* _Work order_
Every line below needs to be printed again exactly, without any of its pictures.

* _Provided material_
= Beginning of Section =
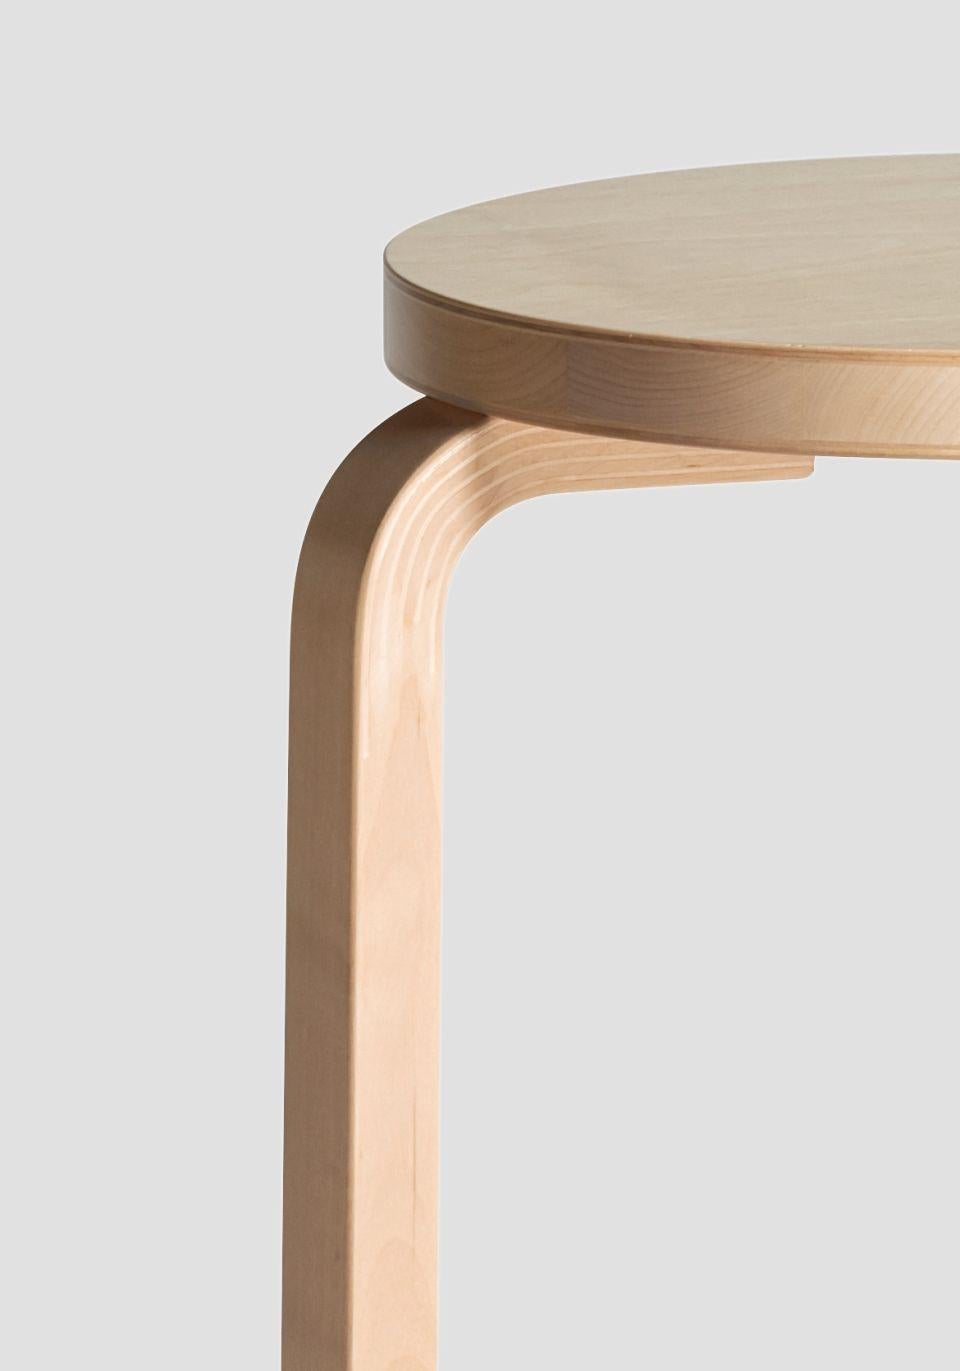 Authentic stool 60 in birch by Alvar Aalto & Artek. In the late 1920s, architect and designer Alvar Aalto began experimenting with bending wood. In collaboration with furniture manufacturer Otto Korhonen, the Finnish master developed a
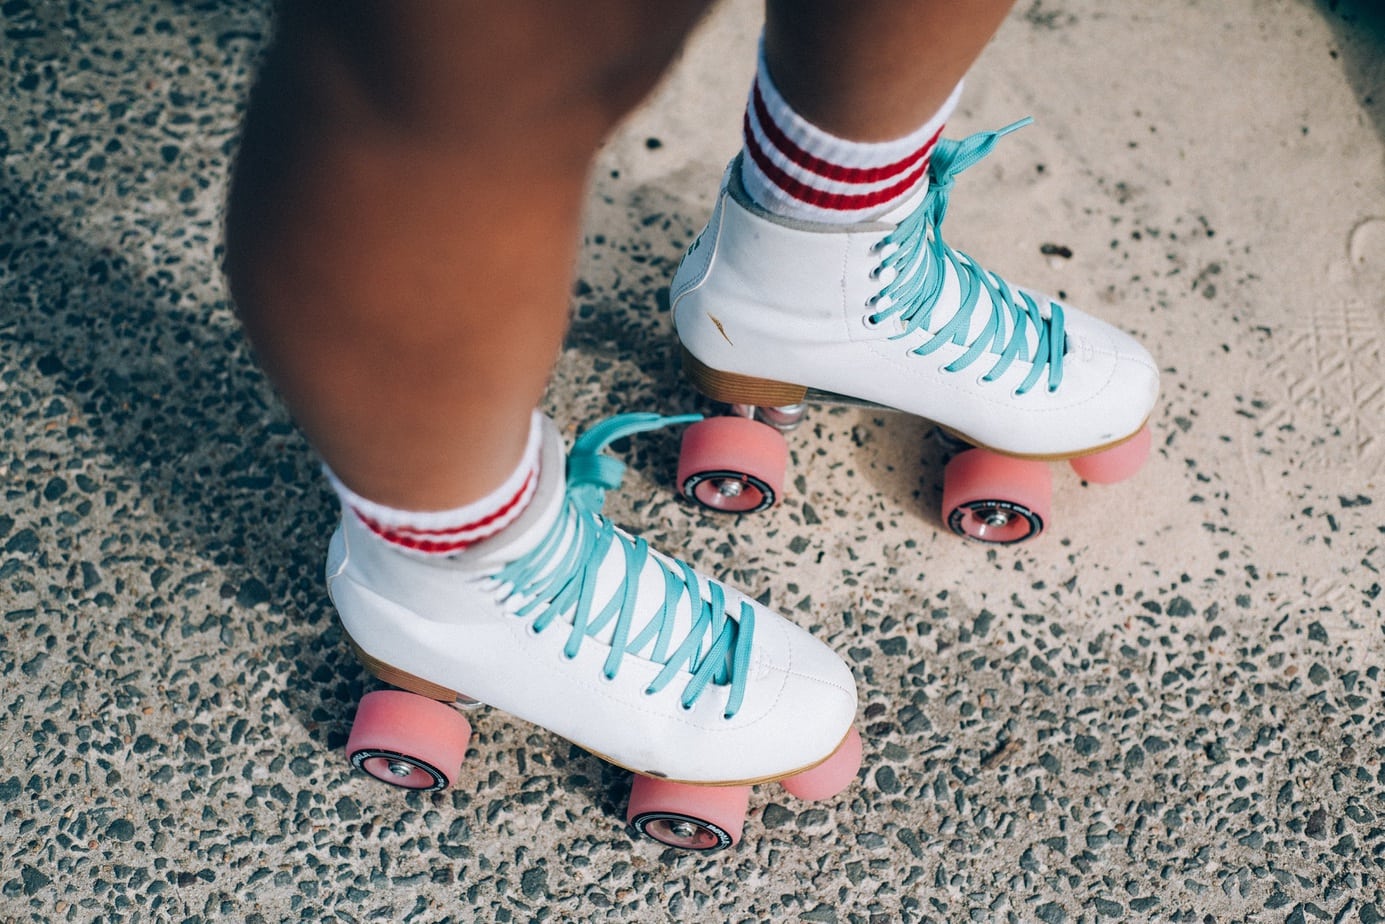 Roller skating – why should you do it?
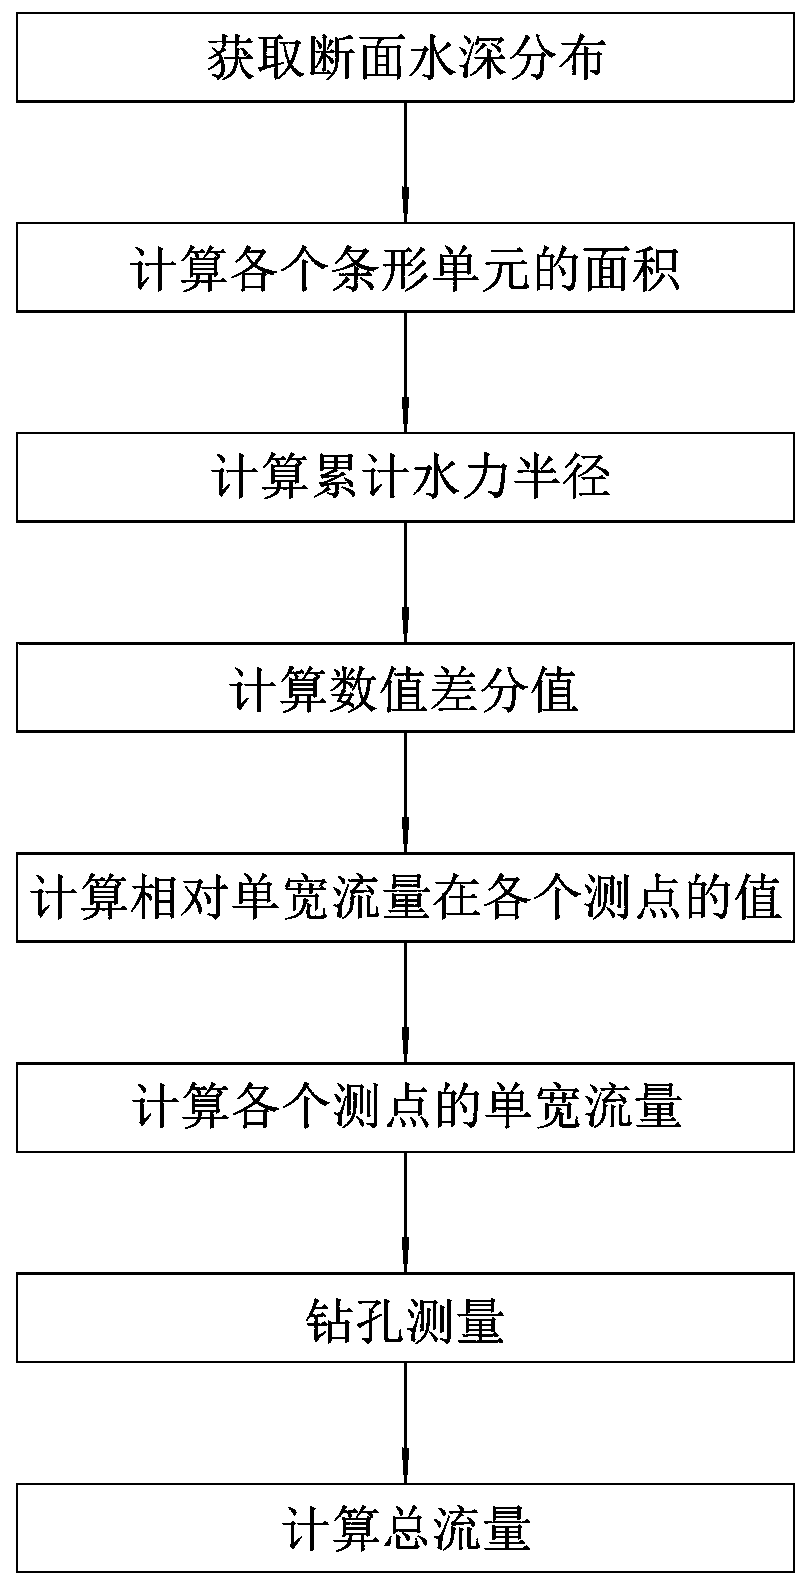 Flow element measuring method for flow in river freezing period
= End of Section =
* _Exercise solution_
 Authentic stool 60 in birch by Alvar Aalto & Artek. In the late 1920s, architect and designer Alvar Aalto began experimenting with bending wood. In collaboration with furniture manufacturer Otto Korhonen, the Finnish master developed a
 Roller skating – why should you do it?
 Flow element measuring method for flow in river freezing period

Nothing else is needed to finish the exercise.